Now when we have that any other common must appear in the union of A and B.
However if x is common but not restricted it does not work but if lets say in B the only place that is consistent with appearance also in A is the only place that other candidate lets say y can appear in B then we get.
If x not appear in A then z appear in A
If x not appear in B then z appear in B
if x appear in BOTH A and B then y will not appear in B and then we get that z appear in B.

[Myth Jellies]

Bennys,

Do you think this new rule is useful?

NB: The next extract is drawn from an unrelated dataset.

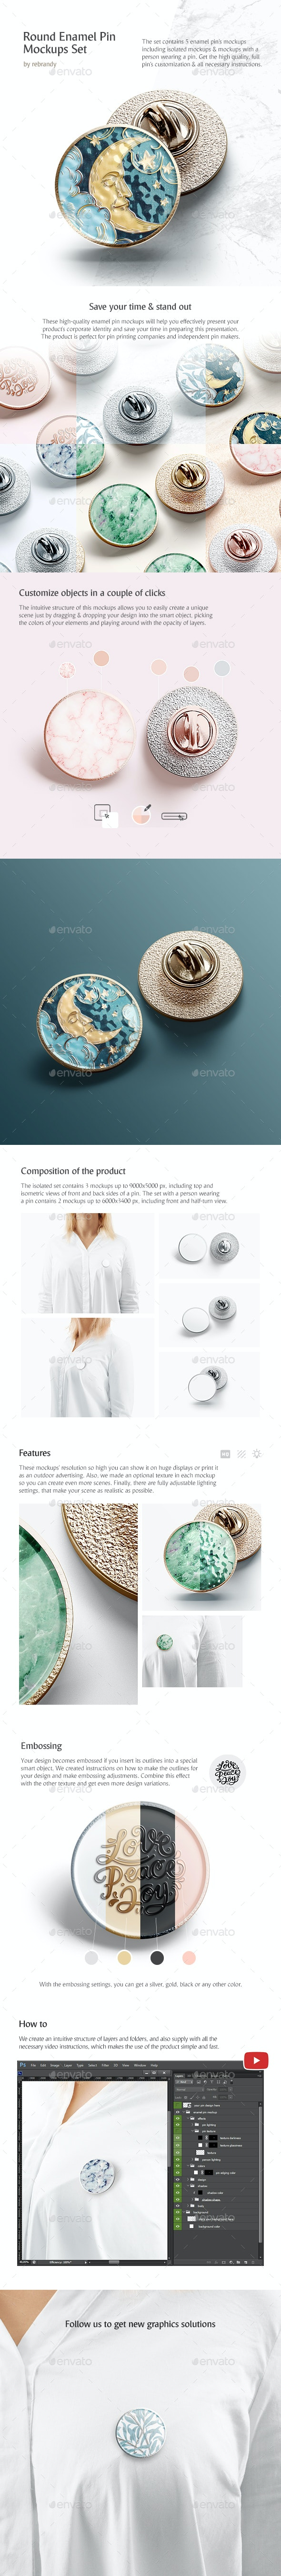 Round Enamel Pin Mockups Set - Product Mock-Ups Graphics
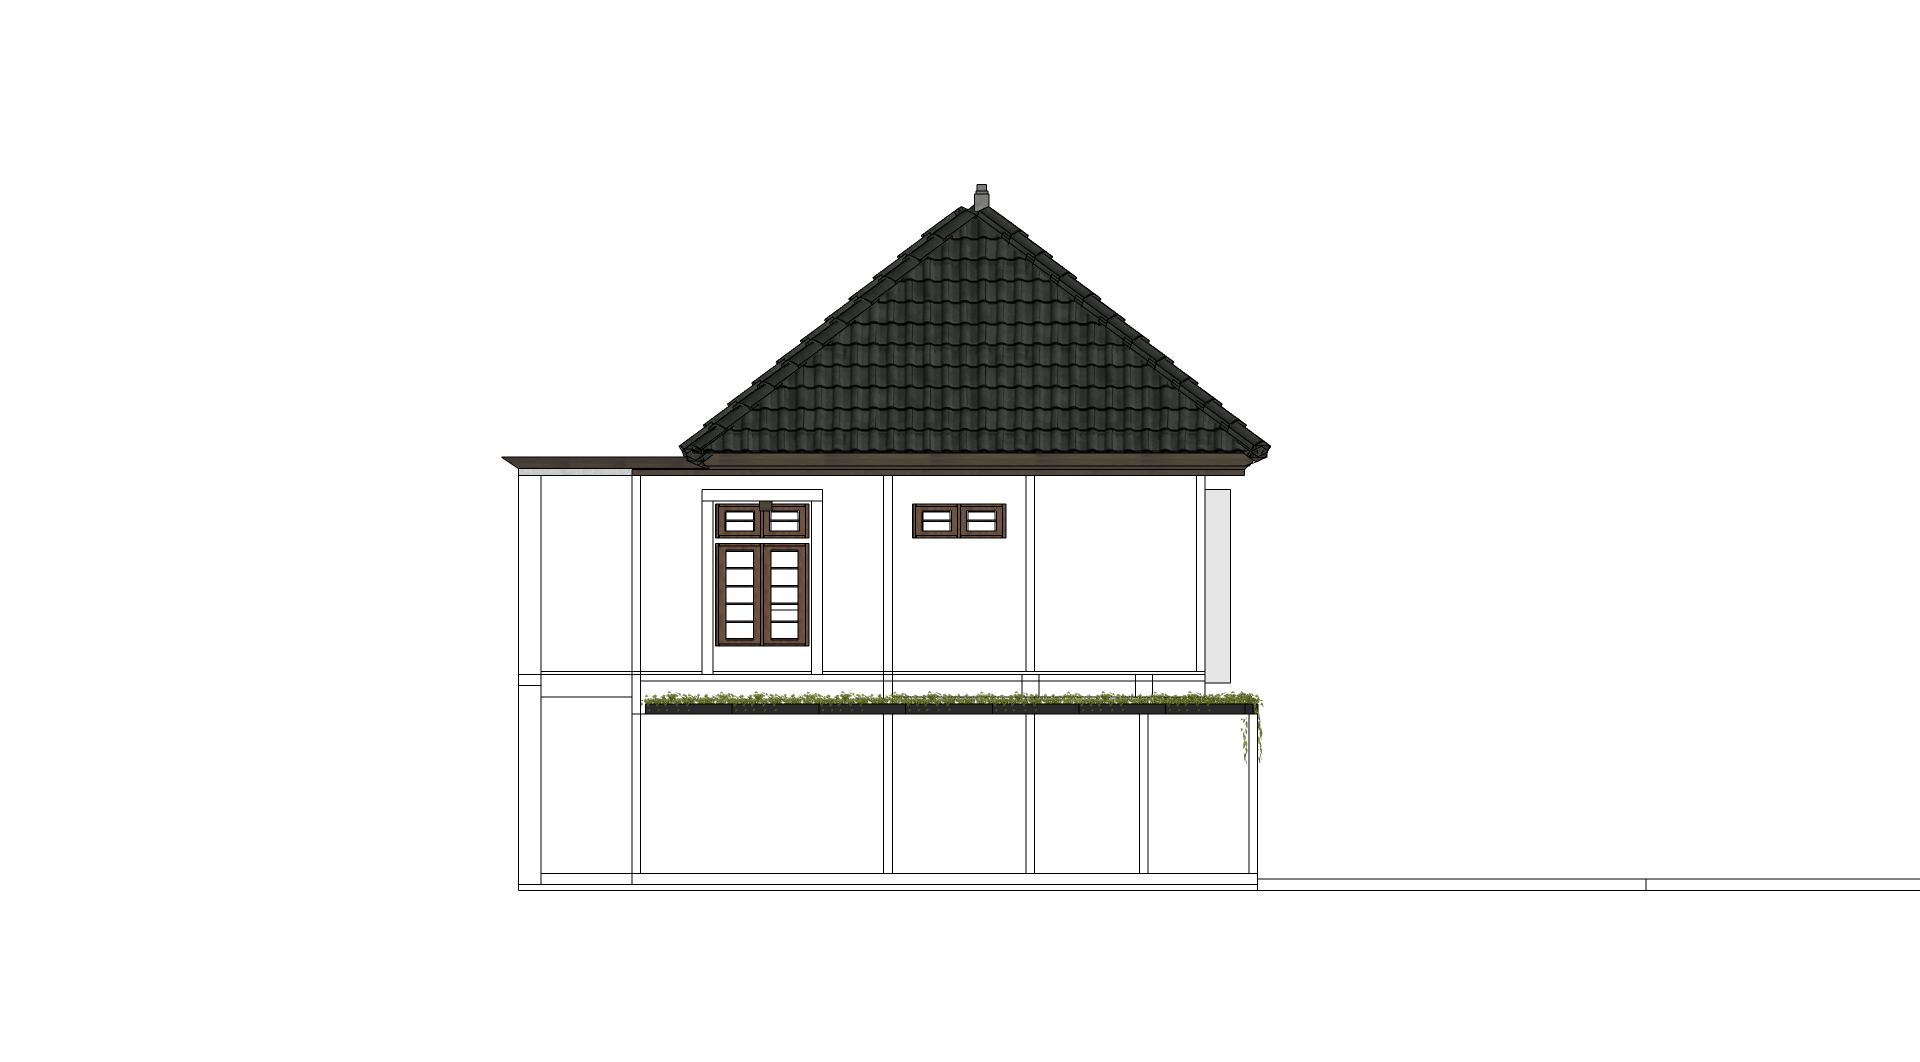 Astabumi Studio Js House Timor Leste Dili, Timor-Leste Pati, Kec. Pati, Kabupaten Pati, Jawa Tengah, Indonesia Cv-Astabumi-Manunggal-Prakarsa-Js-House-Timor-Leste   119270

As Jeff pointed out, you could have used the following which required no extras to the xz-rule to eliminate the same candidate 4 in r3c8.

Code: Select all

+-------------+-------------+-------------+
|*139 6   8   | 14  5   2   |^49  7   13  |
|*13  124 127 | 6   17  9   | 48  5   138 |
| 159*14  157 | 147 8   3   | 2   149 6   |
+-------------+-------------+-------------+
| 4   12  6   | 157 127 15  | 3   8   9   |
| 8   5   9   | 3   4   6   | 1   2   7   |
| 7   3   12  | 9   12  8   | 5   6   4   |
+-------------+-------------+-------------+
| 26  7   3   | 15  9   145 | 68  14  28  |
| 156 8   145 | 2   3   7   | 469 149 15  |
| 125 9   145 | 8   6   14  | 7   3   125 |
+-------------+-------------+-------------+

A={R1C1,R2C1,R3C2}
B={R1C7}
x=9
z=4


Do you have another example where the simpler xz-rule would not apply?

[bennys]

Actually I start to think that you can all ways remove the that cell from B and use the regular rule.